In sauces and soups, you would usually thicken milk by adding a starch such as flour or cornstarch. For example, in a classic bechamel sauce, the cook first prepares a roux by stirring butter and flour together in a pan. This precooks the flour, removing its starchy taste. When you have added the seasoned milk, the rough thickens it to a velvety-smooth texture. Quick-mixing flour is precooked at the factory, then dried and milled to a smooth powder. It is mixed into cold water to form slurry, and then stirred into the hot milk where it gels quickly. Cornstarch works the same way, but as a purified starch it provides more thickening power.
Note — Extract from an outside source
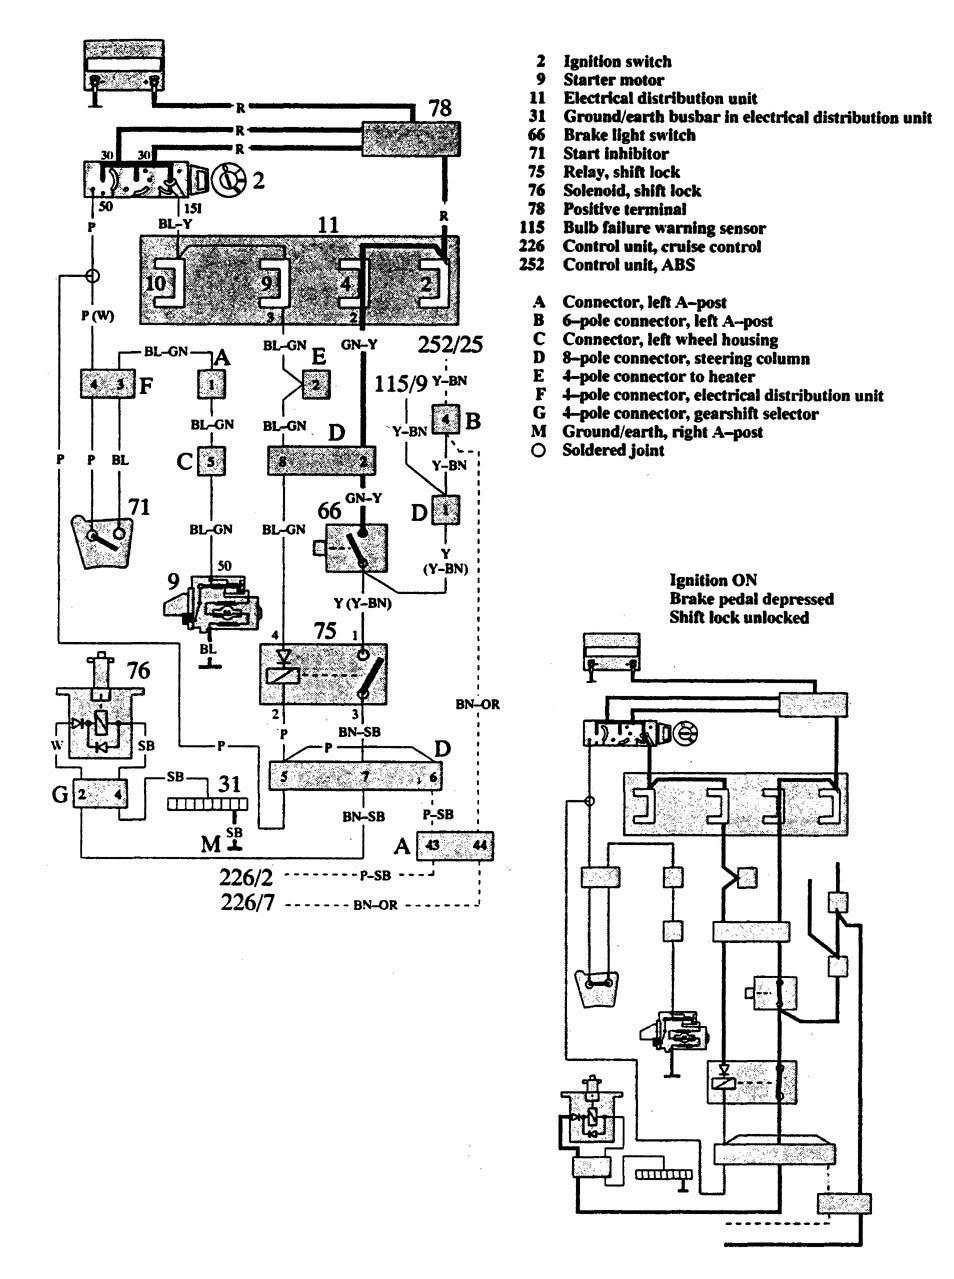 Diagram 93 Volvo 940 Wiring Diagram Full Version Hd Quality Wiring Diagram Edrewiringk Queidue It

Many custards, especially dessert custards, work by thickening milk or cream. In custards, the thickening agent is eggs. The eggs must be whisked thoroughly into the milk and heated gently, which causes their proteins to congeal just as they would in a frying pan. Because the strands of protein are dispersed in the milk, they set to a soft gel, rather than the familiar firm texture of a fried or boiled egg. Some custards, such as pastry cream, also incorporate a starch to provide a firmer, more reliable thickening effect.
Thickening for Dysphagia
Thickening milk for people with dysphagia is a rather different prospect, because culinary thickeners require that you heat the milk. That changes its flavor, and makes it less appealing as a beverage. The specialized thickeners used for that purpose use gum-based ingredients such as xanthan gum, which are widely used in manufactured foods as thickeners and gelling agents. You can stir these into milk, fruit juices and other beverages, and thicken them without altering their flavor or appearance.